What is going on with coelacanths? The first dorsal fin is a typically fishy rayed structure yet the second is fleshy and lobed. Considering that tetrapod limbs are derived lobed fins and the anal fin is also lobate this makes coelacanths hexapedes of a sort. It is baffling how the nickname “Old Fourlegs” got attached to a creature with such bizarrely arrayed and numerous appendages.

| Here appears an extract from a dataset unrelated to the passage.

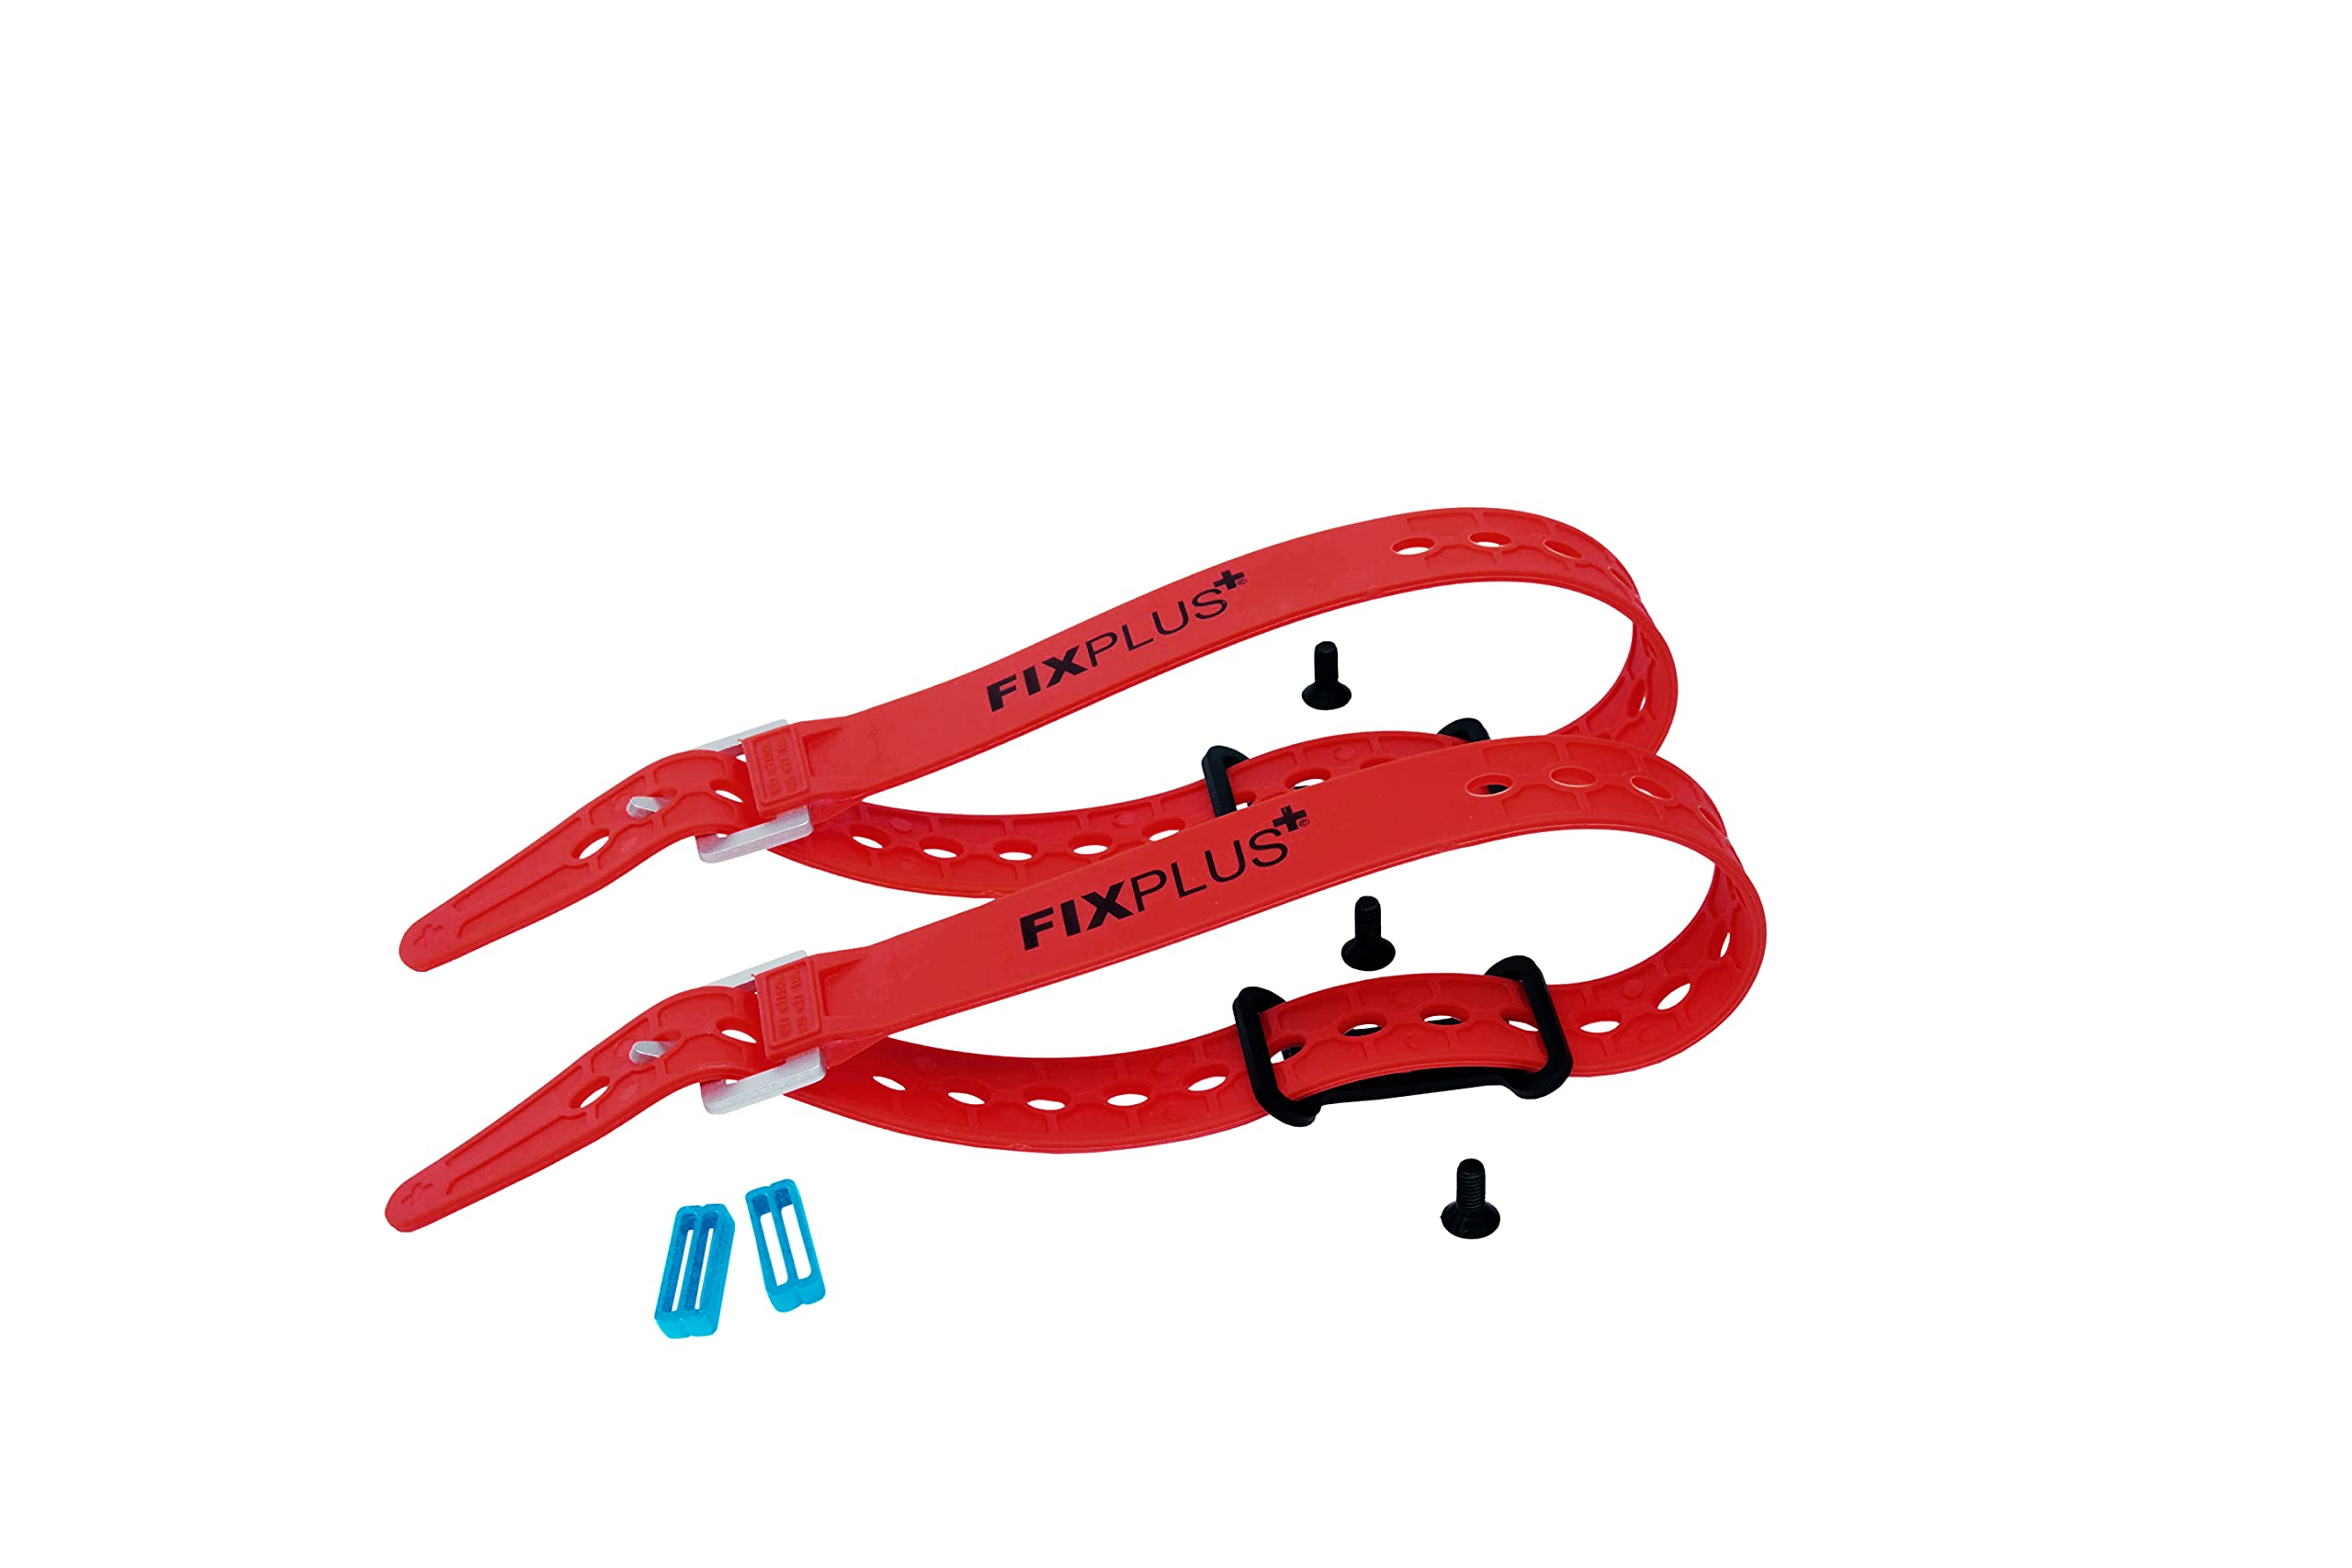 Fixplus Gear Tightener Set 46cm - Ladungsbefestigung am Fahrrad für große Teile – Zwei Aluminium Halter inkl. Schrauben + Zwei Spannbänder 46cm Länge (rot) und Zwei Strapkeeper (blau)

Coelacanths can’t really be said to have “legs” or even proper limbs. Tetrapod limbs are defined as having mobile wrists, ankles and digits (Shubin et al. 2006) whereas coelacanth lobed fins are made out of a series of metapterygia with radials on the anterior and posterior margins (see above). The Devonian coelacanth Shoshonia had pectoral fins with some traits more typical of early tetrapodomorphs than extant coelacanths, most notably by having pronounced asymmetry (Friedman et al. 2007). This indicates that coelacanth lobe fins became less limb-like during their evolution and Friedman et al. (2007) argue that the extant fishes most likely to give insight into early tetrapod limbs are basal actinopterygians such as bichir and sturgeon. Thus extant coelacanths should not be viewed as evolutionarily stagnant and the nickname “Old Fourlegs” somehow manages to be even more wrong.

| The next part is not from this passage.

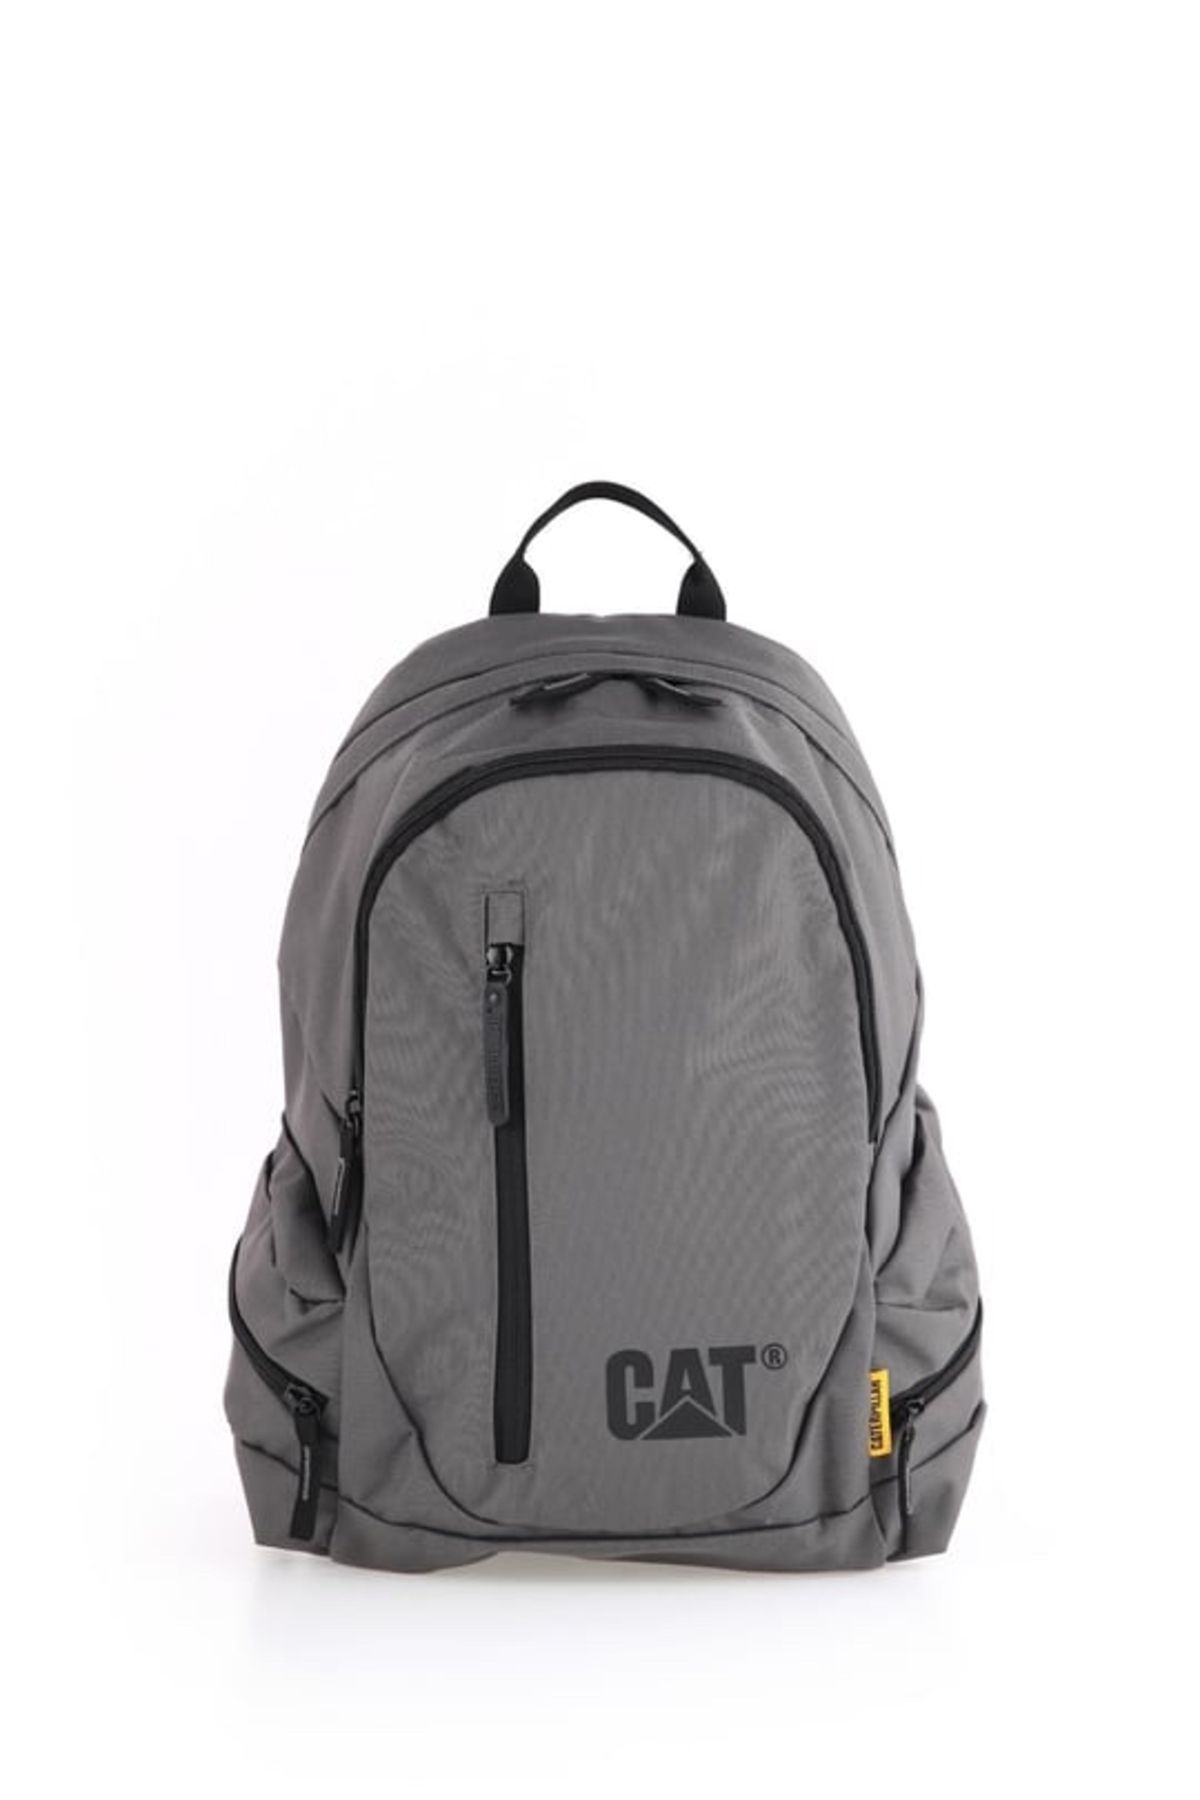 Cat Backpack Gri Unisex Sırt Çantası 83541-483

The medial second dorsal and anal fins of Latimeria are “practically identical” and mirror one another (Forey 1998). These lobed medial fins exhibit skeletal, muscular and innervational similarities with the paired lobed fins (Ahlberg 1992 – citing Millot and Anthony 1958) and all the lobed fins appear capable of considerable rotation (Forey 1998). Judging by videos it appears that the medial lobed fins beat in sync whereas the pectoral and pelvic pair does not. The medial lobed fins particularly resemble the pelvic fins and the basal plate supporting the former appears very similar to the pelvis of the latter rotated 90 degrees (Ahlberg 1992). Ahlberg (1992) suggested that the lobed median fins came into being through a switch in gene expression although noted more fossils and evidence from development and genetics would be needed. Unfortunately so far as I can tell this topic has yet to be explored further.
The caudal fin of coelacanths is normally interpreted as a three-part structure (Forey 1998) however in the description of the Jurassic coelacanth Parnaibaia maranhaoensis Yabumoto (2008) interprets it as being composed of a third dorsal, second anal fin and a proper caudal. Third dorsals and second anals are not without precedent (e.g. cod) however the degree of disparity between fins that coelacanths display certainly is. Perhaps the medial lobed fins of coelacanths aren’t true dorsal or anal fins at all but totally novel replications of the pelvic fins. Alternately it could be possible that coelacanths had ancestors with a superfluous number of medial fins or that the caudal fin split into three parts for some reason; either way it seems likely that something very very strange is happening to coelacanths genetically and developmentally.
Ahlberg, P. E. (1992). Coelacanth Fins and Evolution. Nature 358, 459. Available.
Forey, P. L. (1998). History of the Coelacanth Fishes. Natural History Museum: London.
Friedman, M. (2007). First discovery of a primitive coelacanth fin fills a major gap in the evolution of lobed fins and limbs. Evolution & Development 9(4), 329-337. Available.
Millot, J. & Anthony, J. (1958-1965) Anatomy de Latimeria chalumnae. Vol. I-II. Paris.
Shubin, N. H. et al. (2006). The pectoral ﬁn of Tiktaalik roseae and the origin of the tetrapod limb. Nature 440 (6), 764-771. Available.
Yabumoto, Y. (2008). A new Mesozoic coelacanth from Brazil (Sarcopterygii, Actinistia). Paleontological Research 12(4), 329-343. Available.